O filósofo costumava fazer diversas referências a Dostoiévski em seus
escritos, resultando, assim, em uma grande influência em suas ideias.           
            Além da notável influência de
Raskonikov com sua ideia do homem superior na teoria do super-homem, é possível
notar mais traços do escritor russo na obra de Nietzsche. É o que ocorre
quando, por exemplo, um trecho de
Memórias
do Subsolo
e um dos aforismos da
obra Além do Bem e do Mal, de
Nietzsche, se assemelham em sua ideia principal:
“Todo homem tem algumas
lembranças que ele não conta a todo mundo, mas apenas a seus amigos. Ele tem
outras lembranças que ele não revelaria nem mesmo para seus amigos, mas apenas
para ele mesmo, e faz isso em segredo. Mas ainda há outras lembranças que o
homem tem medo de contar até a ele mesmo, e todo homem decente tem um considerável
número dessas coisas guardadas bem no fundo. Alguém até poderia dizer que,
quanto mais decente é o homem, maior o número dessas coisas em sua mente.” –
Memórias do Subsolo, Dostoiévski
Tal trecho explica o conceito de subsolo como a
parte sombria, oculta da alma humana, a qual o homem esconde de si mesmo. Algo
além daquilo que pode admitir a si mesmo, que fica no subsolo de sua
consciência e é mascarado para si mesmo, por suas próprias ações e palavras. E
é sobre isso que fala Nietzsche no aforismo 289 de Além do bem e do mal:
           
“Um eremita não crê que um
filósofo – supondo que todo filósofo tenha sido antes um eremita – alguma vez tenha
expressado num livro suas opiniões genuínas e últimas: não se escrevem livros
para esconder precisamente o que se traz dentro de si?” – “ele duvidará
inclusive que um filósofo possa ter opiniões ‘verdadeiras e últimas’, e que
nele não haja, não tenha de haver, uma caverna ainda mais profunda por trás de
cada caverna – um mundo mais amplo, mais rico, mais estranho além da
superfície, um abismo atrás de cada chão, cada razão, por baixo de toda
‘fundamentação’. Toda filosofia é uma filosofia-de-fachada – eis um juízo-de-eremita:
‘Existe algo de arbitrário no fato de ele se deter aqui, de olhar para trás e
em volta, de não cavar mais fundo aqui e pôr de lado a pá – há também algo de
suspeito nisso’. Toda filosofia também esconde uma filosofia, toda opinião é
também um esconderijo, toda palavra também uma máscara.”.

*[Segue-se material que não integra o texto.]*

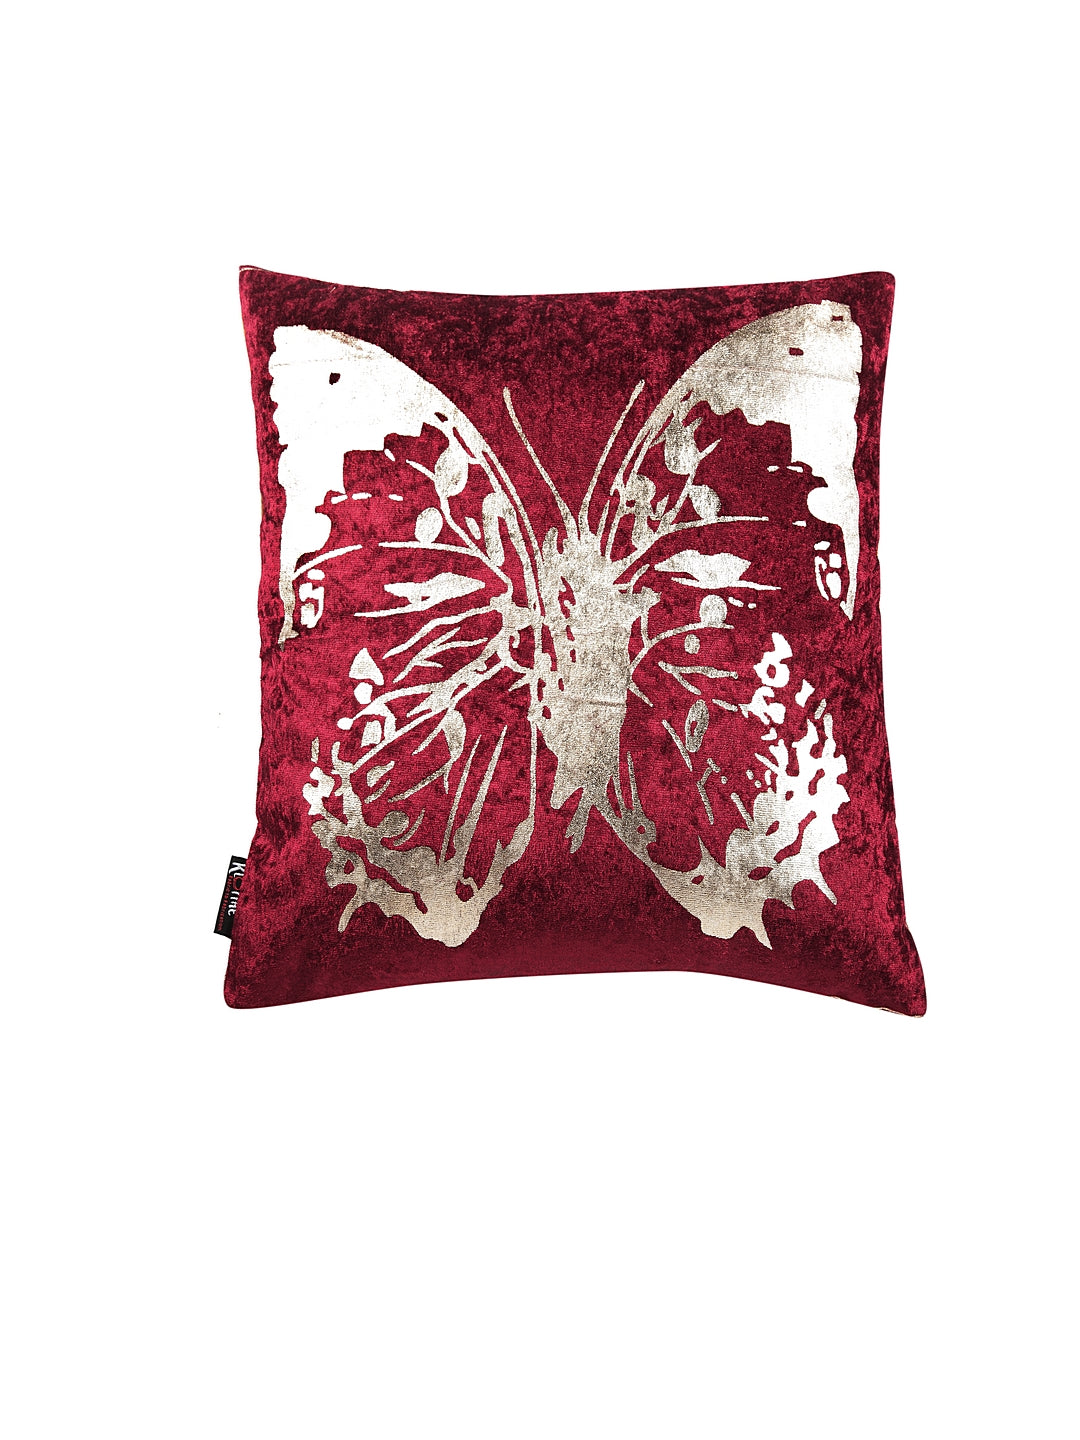 KLOTTHE Set of Five Maroon Poly Cotton Cushion Covers With Microfibre Fillers (40X40 cm)
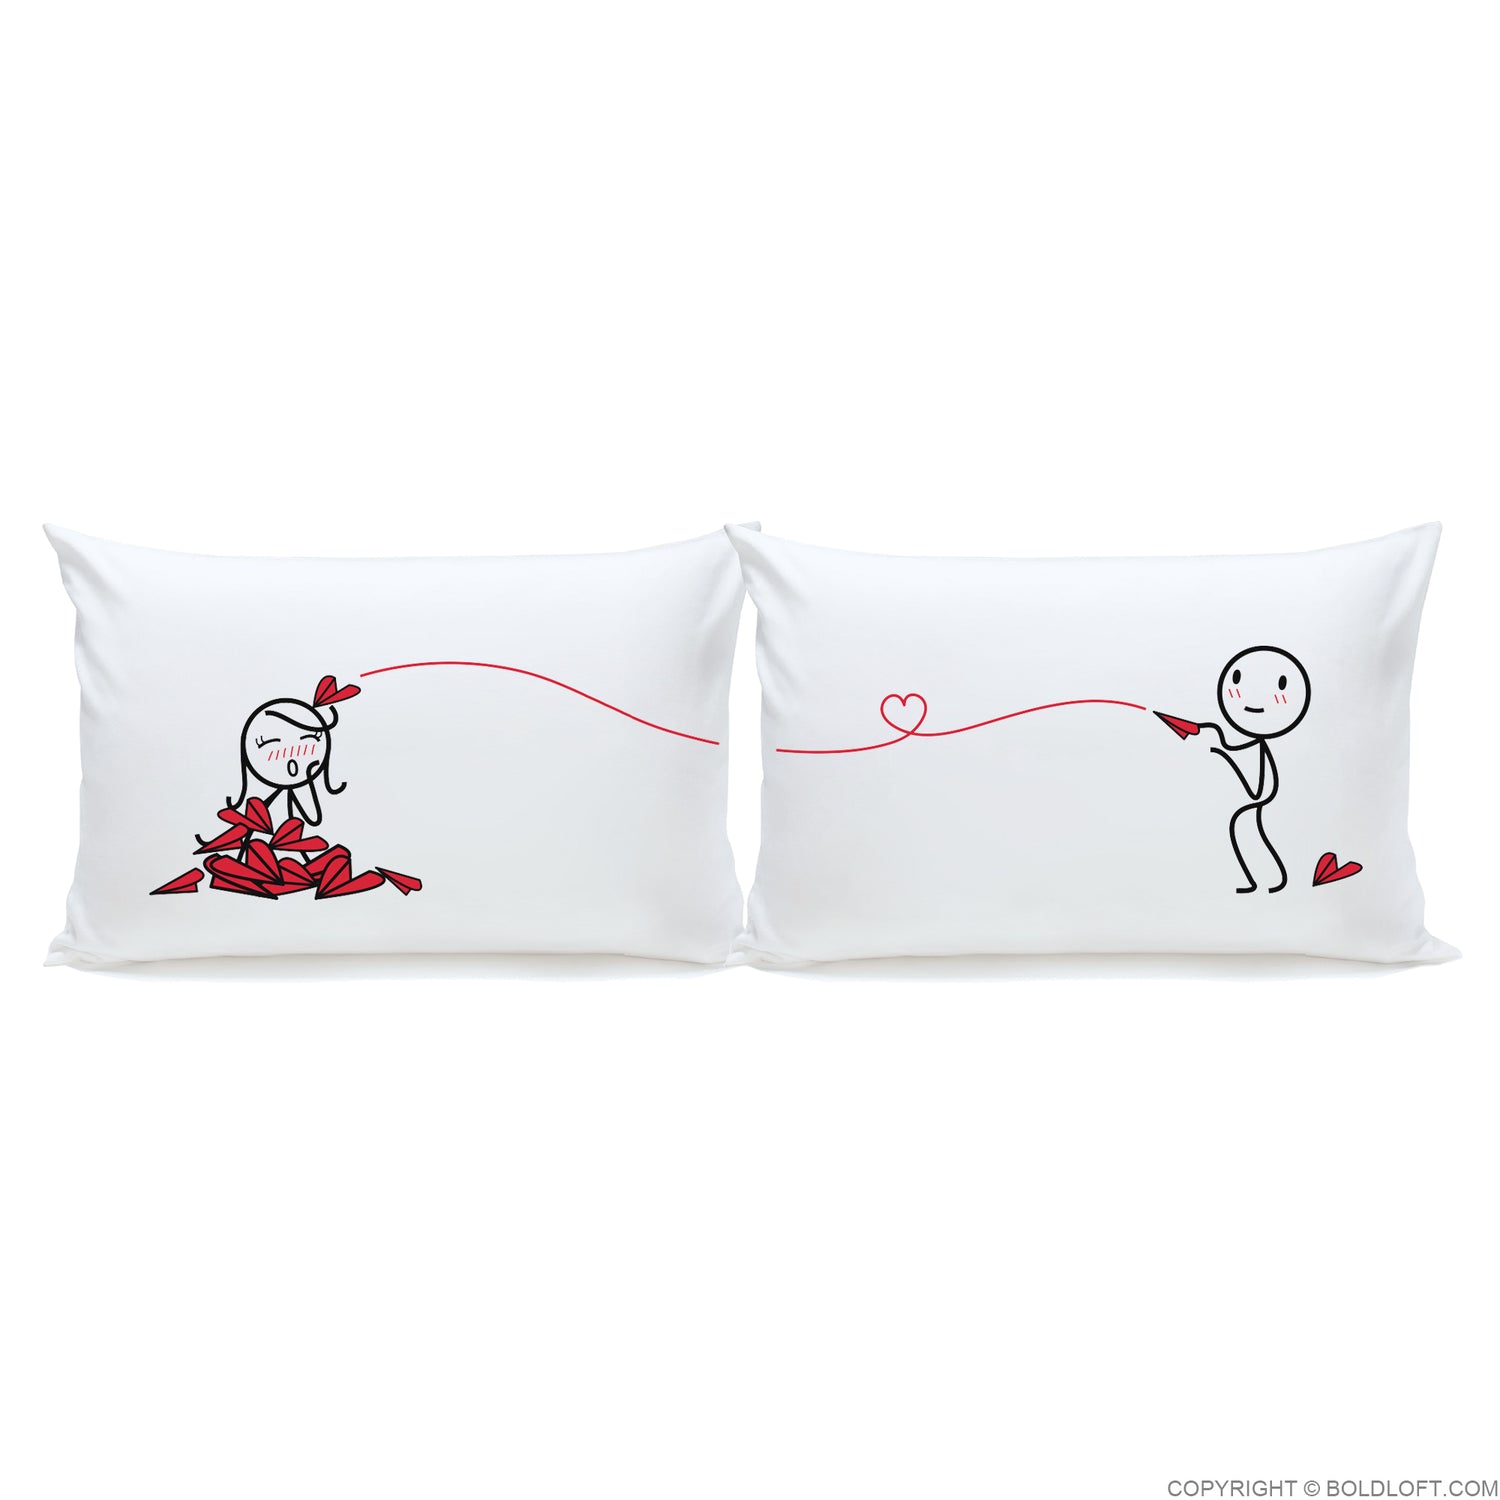 Love Will Find A Way ™ Couple Pillowcase Set

Tal trecho da obra de Nietzsche, somado ao fato
do filósofo ter sido um leitor ávido de Dostoiévski, demonstra a influência
deste em sua obra, em sua forma de pensar. Dostoiévski, em Memórias do Subsolo, foi fundo em sua análise psicológica de seu
protagonista, mostrando ao leitor como as pessoas mascaram sua consciência com
palavras e atitudes, e que negam até para eles próprios, deixando imaginar a
possibilidade de haver mais subsolo sob o subsolo. Ou seja, que o ser humano
está tão distante de si mesmo quepode não saber até onde chega a sua
consciência, tudo o que não admite a si mesmo. O que acaba sendo, na verdade, a
sua essência.
Tal observação também está presente na obra de Albert
Camus quando, no ensaioO Mito de Sísifo,
ele diz: “Um homem é mais homem pelas coisas que silencia do que pelas que
diz.”, mostrando, assim, como segue o pensamento de Dostoiévski; em que a
essência psicológica humana está em seu subsolo, não em suas máscaras.
Mas…afinal: o que seria tal essência? Que
encontramos no subsolo? Diálogos, perguntas sem respostas certas, diversos
ponto de vistas que se equivalem entre si, como seus personagens. O subsolo
possui diversas vozes. Diálogos vivos, cada um pensante e com consciência
própria, como os personagens do grande escritor russo. 
            Talvez a polifonia presente em
seus livros venha do subsolo de sua alma; talvez cada um de seus personagens,
tão contraditórios entre si, represente um de seus alter-egos que o autor nega
a si mesmo, mas que os conta em livros, na forma de personagens. Assim, é
possível que o autor acabe por mascarar, como diz Nietsche, suas ideias com
palavras que mostram outras ideias. Talvez o subsolo seja infinito e não haja
uma ideia certa; uma única com a qual concordamos efetivamente, mas apenas um
diálogo infinito, como a obra de Dostoiévski.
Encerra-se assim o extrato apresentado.